Hello,
Product: DGX Station
OS: Ubuntu 16.04
NVIDIA-SMI 384.183
Driver Version: 384.183
CUDA Version: 9.0
I have been trying to get pytorch working with DGX station. After different attempts on pip,conda and nvidia docker. The issue seems to be boiling down to my DGX station is still on the same nvidia driver when it was purchased. I have been trying to update the drivers to 455 from the existing 384 so that I can get the latest CUDA which will then in turn help me run the latest pytorch version.

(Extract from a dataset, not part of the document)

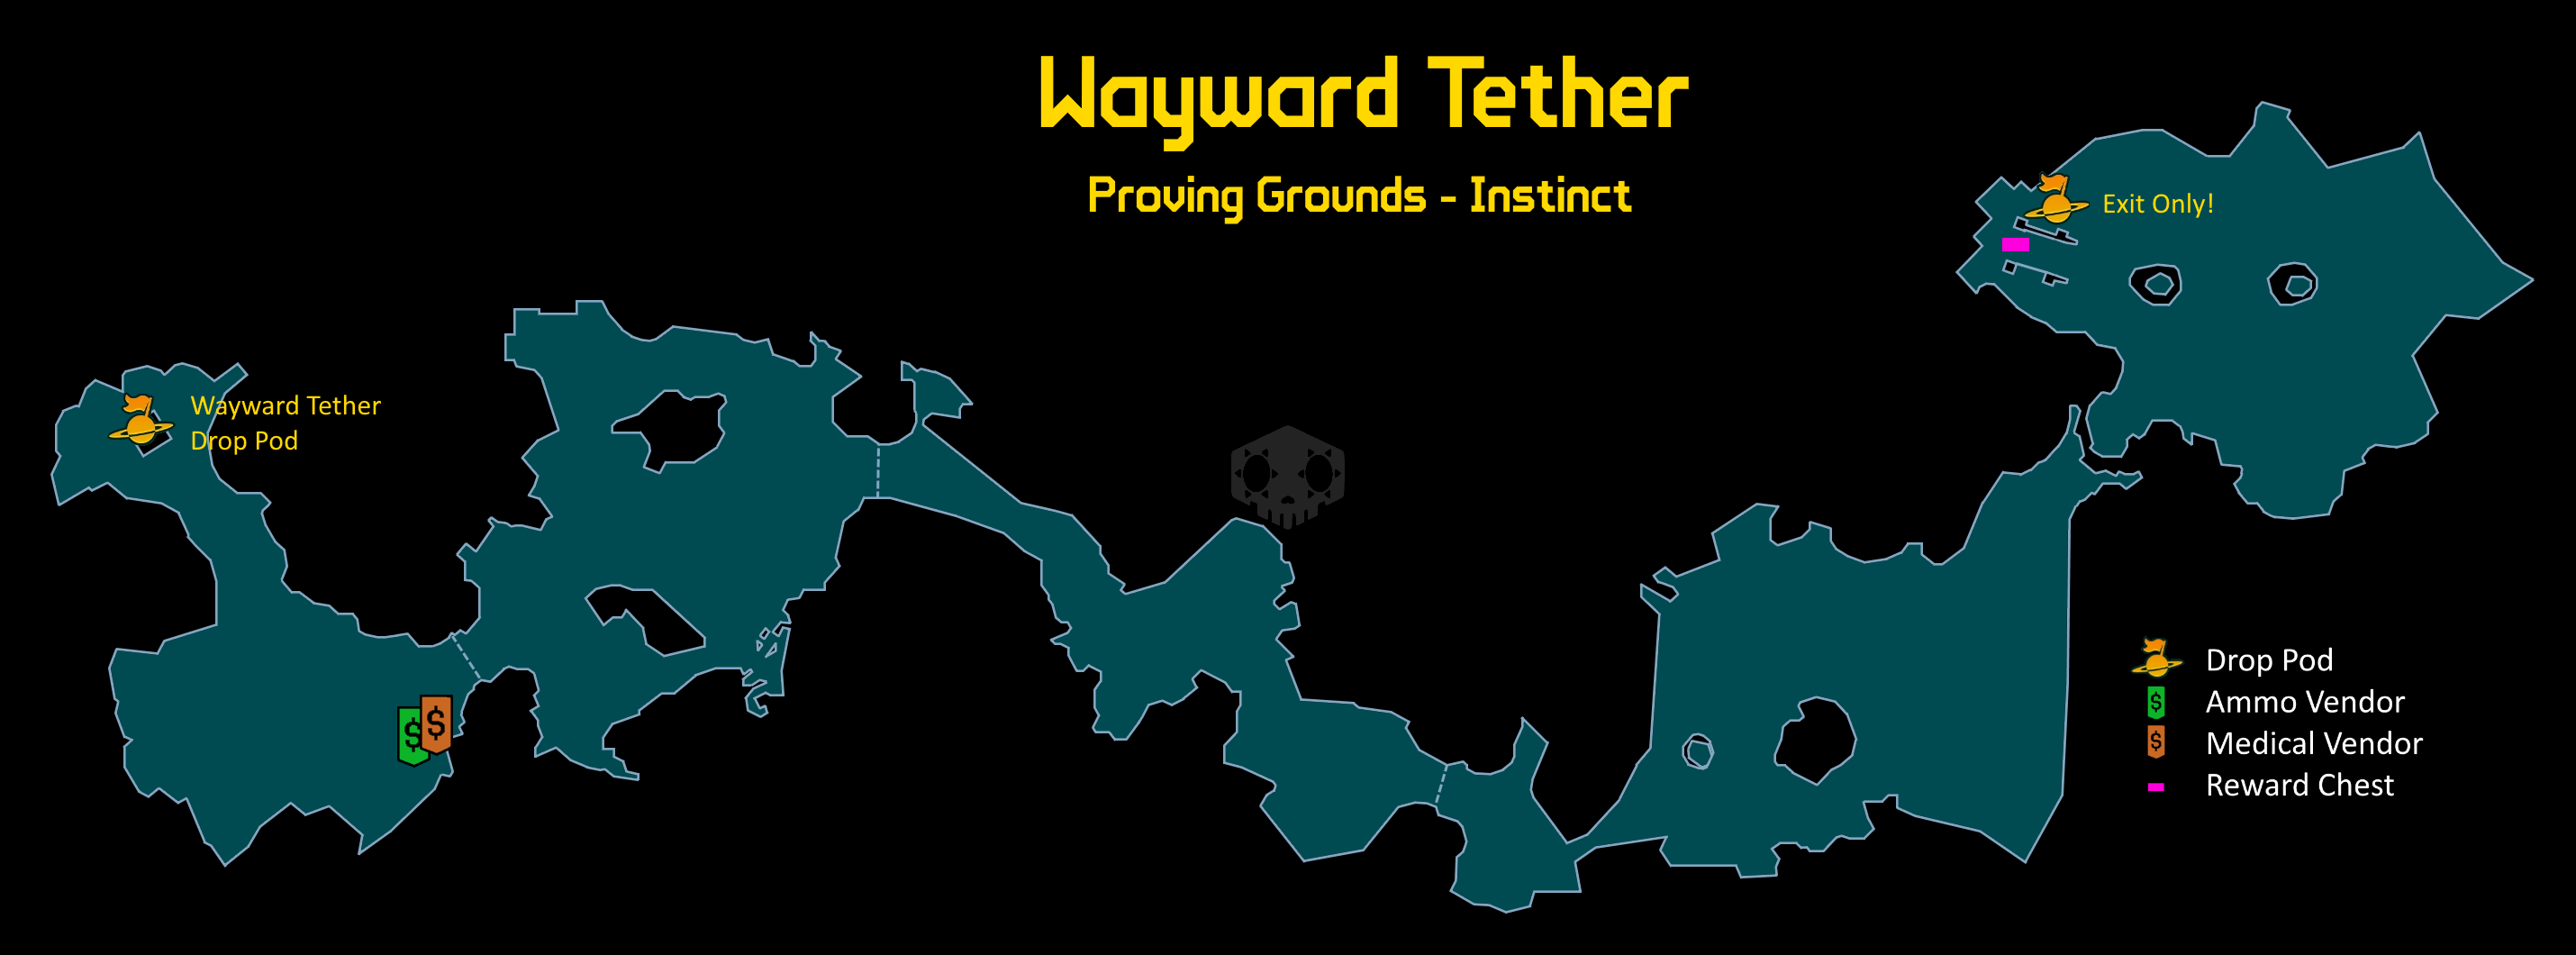 파일:Wayward_Tether_map.png

I tried to update the driver by installing the latest compatible cuda for pytorch and this is how it went
I hit ctrl+alt+f1
sudo service lightdm stop
sudo stop nvidia-digits-server
sudo service docker stop
sudo service nvidia-docker stop
sudo rmmod nvidia-uvm
sudo sh cuda_11.1.0_455.23.05_linux.run
But the installation fails
cuda_installer.log:
[INFO]: Driver installation detected by command: apt list --installed | grep -e nvidia-driver-[0-9][0-9][0-9] -e nvidia-[0-9][0-9][0-9]
[INFO]: Cleaning up window
[INFO]: Complete
[INFO]: Checking compiler version…
[INFO]: gcc location: /usr/bin/gcc
[INFO]: gcc version: gcc version 5.4.0 20160609 (Ubuntu 5.4.0-6ubuntu1~16.04.12)
[INFO]: Initializing menu
[INFO]: Setup complete
[INFO]: Components to install:
[INFO]: Driver
[INFO]: 455.23.05
[INFO]: Executing NVIDIA-Linux-x86_64-455.23.05.run --ui=none --no-questions --accept-license --disable-nouveau --no-cc-version-check --install-libglvnd 2>&1
[INFO]: Finished with code: 256
[ERROR]: Install of driver component failed.

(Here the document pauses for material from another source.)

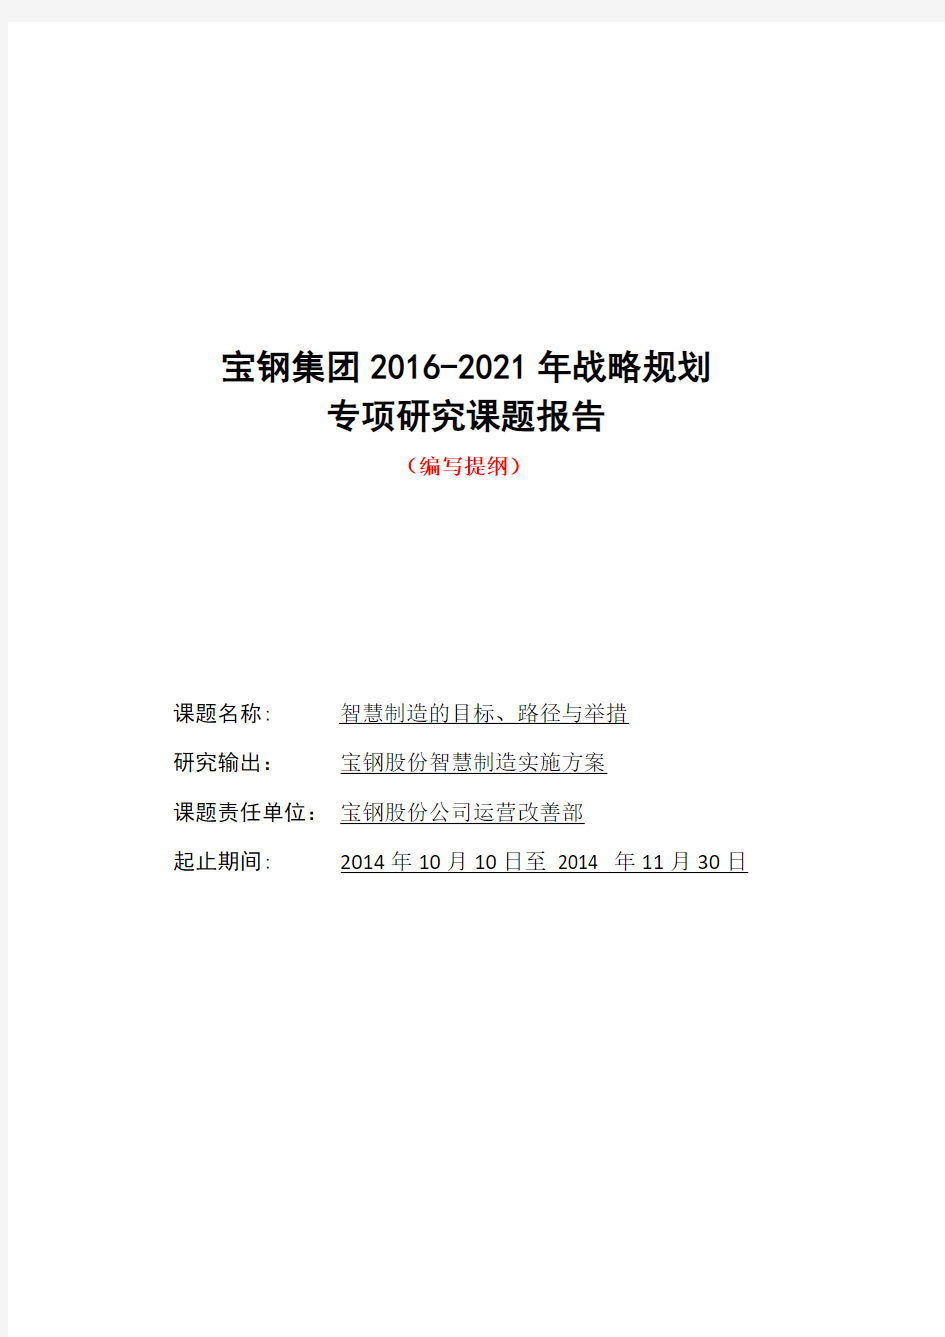 宝钢集团2016-2021年战略规划课题研究报告(编写提纲和参考)

[ERROR]: Install of 455.23.05 failed, quitting
nvidia_installer.log:
nvidia-installer log file ‘/var/log/nvidia-installer.log’
creation time: Tue Mar 23 18:12:58 2021
installer version: 455.23.05
PATH: /usr/local/sbin:/usr/local/bin:/usr/sbin:/usr/bin:/sbin:/bin:/snap/bin
nvidia-installer command line:
./nvidia-installer
–ui=none
–no-questions
–accept-license
–disable-nouveau
–no-cc-version-check
–install-libglvnd
Using built-in stream user interface
→ Detected 40 CPUs online; setting concurrency level to 32.
ERROR: An NVIDIA kernel module ‘nvidia-uvm’ appears to already be loaded in your kernel. This may be because it is in use (for example, by an X server, a CUDA program, or the NVIDIA Persistence Daemon), but this may also happen if your kernel was configured without support for module unloading. Please be sure to exit any programs that may be using the GPU(s) before attempting to upgrade your driver. If no GPU-based programs are running, you know that your kernel supports module unloading, and you still receive this message, then an error may have occured that has corrupted an NVIDIA kernel module’s usage count, for which the simplest remedy is to reboot your computer.
ERROR: Installation has failed. Please see the file ‘/var/log/nvidia-installer.log’ for details. You may find suggestions on fixing installation problems in the README available on the Linux driver download page at www.nvidia.com.
Does anyone know how I can update the drivers without errors for DGX station( V100 GPU version)?